In this way, selecting the computing resource in the present invention may mean selecting specific hardware to perform the calculation.

The server 100 according to an embodiment of the present invention may determine split learning data used by each of the computational resources selected by the above-described process for the first learning of the first artificial neural network. At this time, the server 100 may determine the divided learning data by referring to the total number of learning data used for the first learning.

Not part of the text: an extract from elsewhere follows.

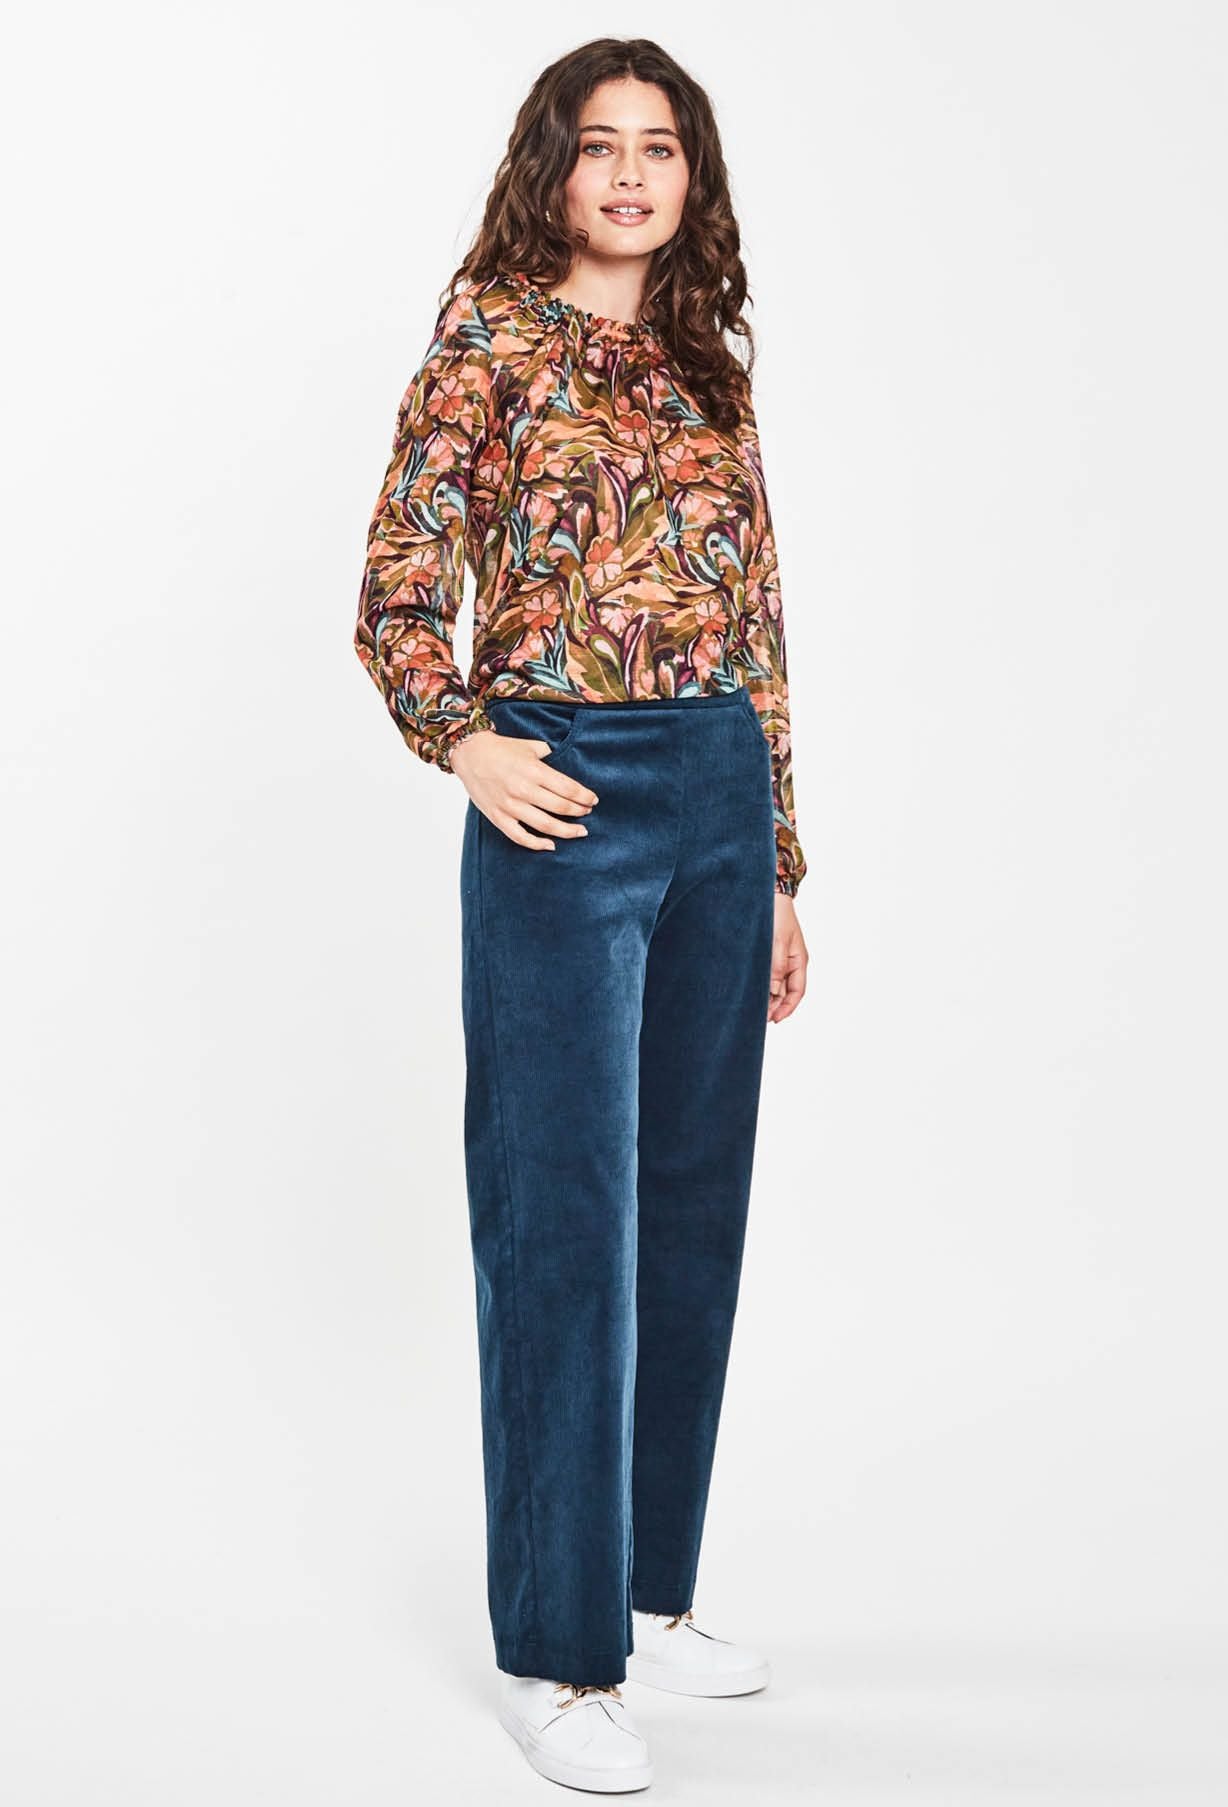 ANNE MARDELL KITTY BLOUSE - FLORENCE - THE VOGUE STORE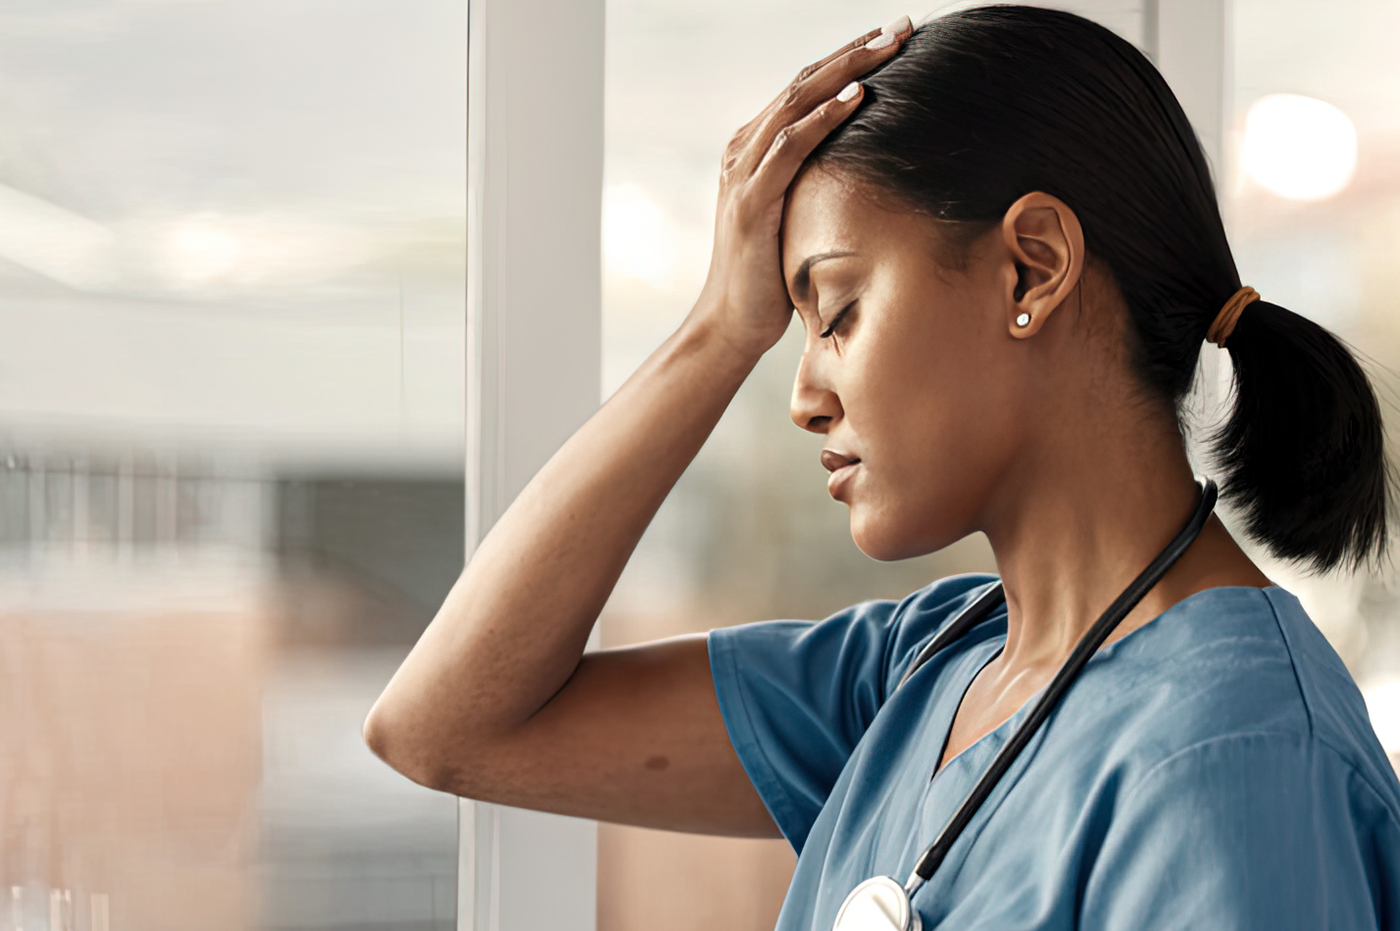 A nurse who looks to be frustrated or not feeling well.

7 is a diagram for explaining a process in which the server 100 according to an embodiment of the present invention determines the divided learning data 511, 512, and 513 from the entire learning data 510.

For convenience of explanation, the server 100 may include two third processors 340A-1 of three computational resources (for example, the first resource server 300A) from the entire training data 510 including N training data. , 340A-2) and split learning data 511, 512, 513 for one third processor 340C-1 of the third resource server 300C.

Under the assumptions described above, the server 100 according to an embodiment of the present invention includes the first computational resource (for example, the third processor 340A-1 of the first resource server 300A) N total learning data ( 510), it may be determined to use N1 first divided learning data 511 for the first learning. In other words, the server 100 may determine that the first computational resource uses only N1 learning data among the N total learning data 510 for the first learning.

Similarly, the server 100 according to an embodiment of the present invention includes a second computational resource (eg, a third processor 340A-2 of the first resource server 300A) having N total learning data 510. ), it may be determined to use N2 second divided learning data 512 for the first learning.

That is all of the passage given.